Over eleven years, Tubman returned repeatedly to the Eastern Shore of Maryland, rescuing some 70 slaves in about thirteen expeditions, including her three other brothers, Henry, Ben, and Robert, their wives and some of their children. She also provided specific instructions to 50 to 60 additional fugitives who escaped to the north. Tubman's dangerous work required tremendous ingenuity; she usually worked during winter months, to minimize the likelihood that the group would be seen. One admirer of Tubman said: "She always came in the winter, when the nights are long and dark, and people who have homes stay in them." Once she had made contact with escaping slaves, they left town on Saturday evenings, since newspapers would not print runaway notices until Monday morning.

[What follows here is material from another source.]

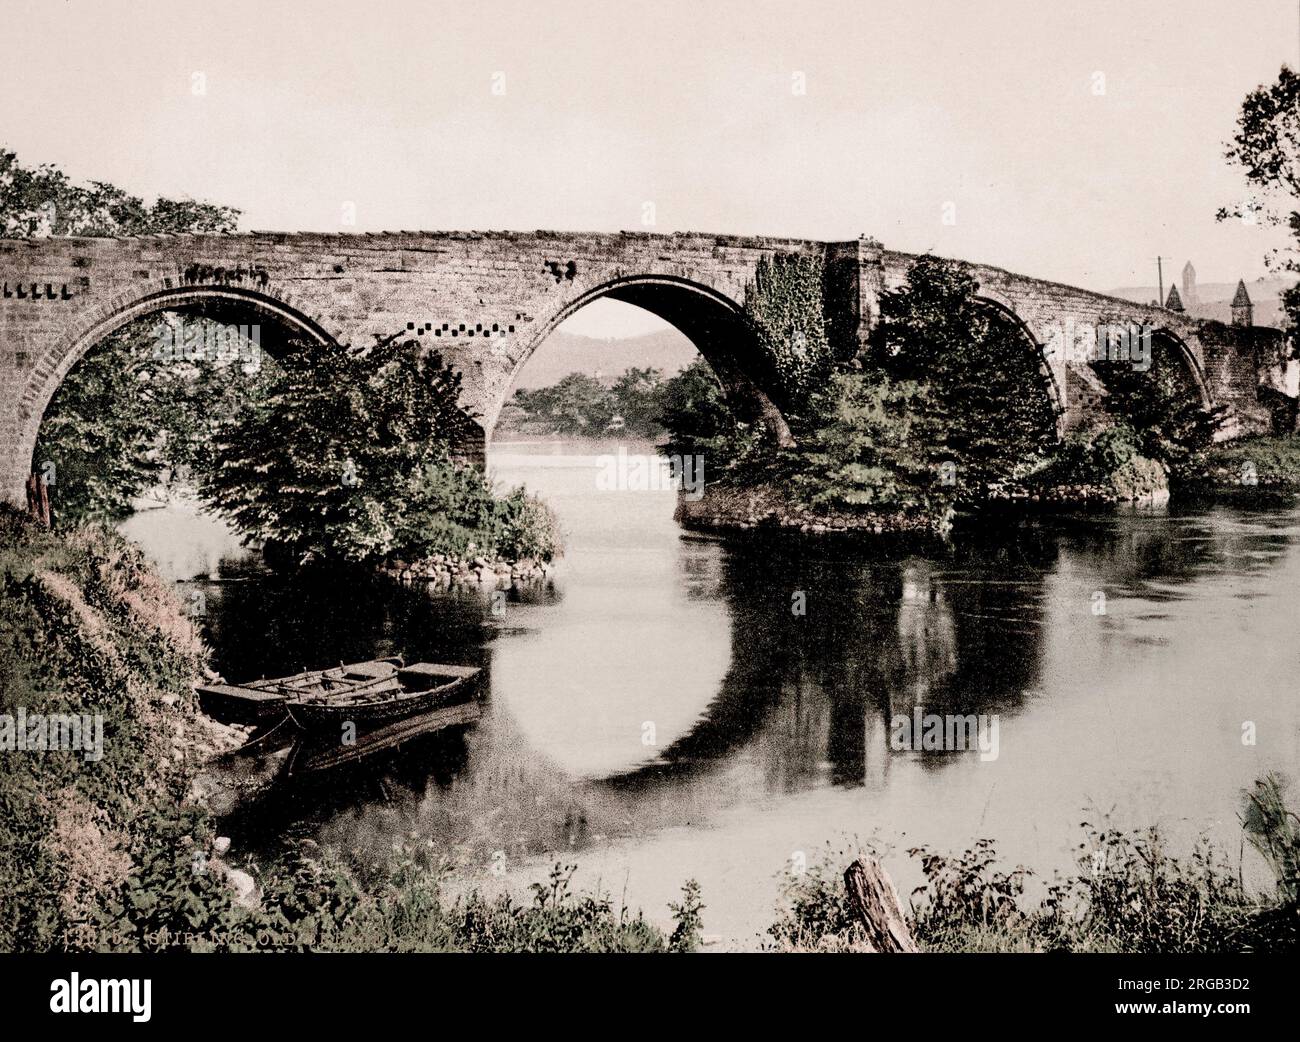 Vintage 19th century / 1900 photograph: Stirling Old Bridge is a stone bridge which crosses the River Forth, Scotland. Stock Photo

Her journeys into the land of slavery put her at tremendous risk, and she used a variety of subterfuges to avoid detection. Tubman once disguised herself with a bonnet and carried two live chickens to give the appearance of running errands. Suddenly finding herself walking toward a former owner in Dorchester County, she yanked the strings holding the birds' legs, and their agitation allowed her to avoid eye contact. Later she recognized a fellow train passenger as another former master; she snatched a nearby newspaper and pretended to read. Since Tubman was known to be illiterate, the man ignored her.

In November 1860, Tubman conducted her last rescue mission. Throughout the 1850s, Tubman had been unable to effect the escape of her sister, Rachel, and Rachel's two children, Ben and Angerine. Upon returning to Dorchester County, Tubman discovered that Rachel had died, and the children could be rescued only if she could pay a US$30 bribe. She had no money, so the children remained enslaved. Their fates remain unknown. Never one to waste a trip, Tubman gathered another group, including the Ennalls family, ready and willing to take the risks of the journey north. It took them weeks to safely get away because of slave catchers, forcing them to hide out longer than expected. The weather was unseasonably cold and they had little food. The children were drugged with paregoric to keep them quiet while slave patrols rode by.

They safely reached the home of David and Martha Wright in Auburn, New York, on December 28th 1860.